Oral argument would help the 5th Circuit “in resolving the complex issues arising from a three-week trial in which a jury found Grande Communications Networks secondarily liable for infringing 1,403 copyrighted songs and awarded $46.7 million in statutory damages, on grounds that Grande provided internet service to the direct infringers,” said Grande’s opening brief Wednesday (docket 23-50162). Grande’s appeal seeks to reverse the district court’s May 11 denial of its renewed motion for judgment as a matter of law or remand the case for a new trial to get the jury award vacated (see 2306120002).

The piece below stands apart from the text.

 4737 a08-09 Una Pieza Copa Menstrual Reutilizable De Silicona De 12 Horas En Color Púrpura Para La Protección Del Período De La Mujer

Four Democratic senators support keeping Chevron against the “decades-long effort by pro-corporate interests to eviscerate the federal government’s regulatory apparatus to the detriment of the American people,” said their U.S. Supreme Court amicus brief Thursday (docket 22-451) in support of the government respondents in Loper Bright Enterprises v. Raimondo (see 2309170001). “The call here to overturn Chevron and dismantle agency powers is a special interest solution in search of a problem,” said Sens. Sheldon Whitehouse of Rhode Island, Mazie Hirono of Hawaii, Dianne Feinstein of California and Elizabeth Warren of Massachusetts.
Senior executive branch officials, including senior White House officials, “threaten, pressure, and coerce social-media platforms to silence the core political speech of millions of Americans,” responded the Republican attorneys general of Louisiana and Missouri Wednesday (docket 23A243), urging U.S. Supreme Court Justice Samuel Alito to deny the government’s application for a full stay of the 5th Circuit’s injunction, pending resolution of its forthcoming cert petition (see 2309140041). Alito is circuit judge for the 5th Circuit.
Defendants WCO Spectrum, founder Gary Winnick and CEO Carl Katerndahl seek the dismissal of T-Mobile’s fraud complaint for failure to state a claim upon which relief can be granted, said their memorandum Monday (docket 2:23-cv-04347) in U.S. District Court for Central California in support of their motion to dismiss.
Though litigants “exaggerate,” it may “actually be true that the fate of the freedom of speech in America depends” on what the U.S. Supreme Court does with the preliminary injunction barring federal officials from coercing social media platforms to moderate their content, said the Children’s Health Defense and its founder, Robert F. Kennedy Jr. They filed an amicus brief Wednesday (docket 23A243) in opposition to the government’s application for a full stay of the injunction pending the disposition of its appeal (see 2309140041).
Montana’s statewide TikTok ban, SB-419, “is appropriately protecting its citizens’ privacy from TikTok and its troubling relationship with China,” said the Republican attorneys general of Virginia and 17 other states in an amici brief Monday (docket 9:23-cv-00061) in U.S. District Court for Montana in Missoula. The AGs oppose the plaintiffs’ consolidated motions for a preliminary injunction to block Montana AG Austin Knudsen (R) from enforcing SB-419 when it takes effect Jan. 1 (see 2309050003).
The facts of the case that sparked the preliminary injunction that bars officials from the White House, the Office of the Surgeon General, the FBI and the Centers for Disease Control and Prevention from coercing social media platforms to moderate their content show that the federal officials wielded “their influence and power to censor the speech of individuals” whose viewpoints they disfavored, said Ohio Attorney General Dave Yost (R).
Monday's decision of U.S. District Judge Beth Labson Freeman for Northern California granting NetChoice’s motion for a preliminary injunction to block California Attorney General Rob Bonta (D) from enforcing the state’s Age Appropriate Design Code (AB-2273) (see 2309180063) “lets Big Tech off the hook, and gives them a free pass to continue profiting off harm to our kids,” emailed California Assemblymember Buffy Wicks (D-Oakland), co-sponsor of AB-2273, through a spokesperson Tuesday.
A U.S. District judge for Northern Texas granted in part and denied in part AT&T’s motion to dismiss the Civil Rights Act Section 1981 complaint in which Legacy Equity Advisors alleged AT&T deprived it of bidding on Cricket Wireless, DirecTV, AT&T’s Puerto Rican wireless division and other divested assets because it’s Black-owned (see 2305040065). Judge Sidney Fitzwater in Dallas granted Legacy leave to file a first amended complaint, said his signed memorandum opinion and order Friday (docket 3:23-cv-00979).
Numerous media disclosures between July 9 and July 14 that Lumen Technologies had culpability for failing to remove the toxic lead cables it inherited decades ago from the Bell system sent the stock tumbling more than 22%, alleged plaintiff John McLemore’s securities fraud class action Friday (docket 3:23-cv-01290) in U.S. District Court for Western Louisiana in Monroe. McLemore alleges on behalf of himself and his proposed class that he bought Lumen shares at “artificially inflated prices,” and was “damaged upon the revelation of the alleged corrective disclosures.”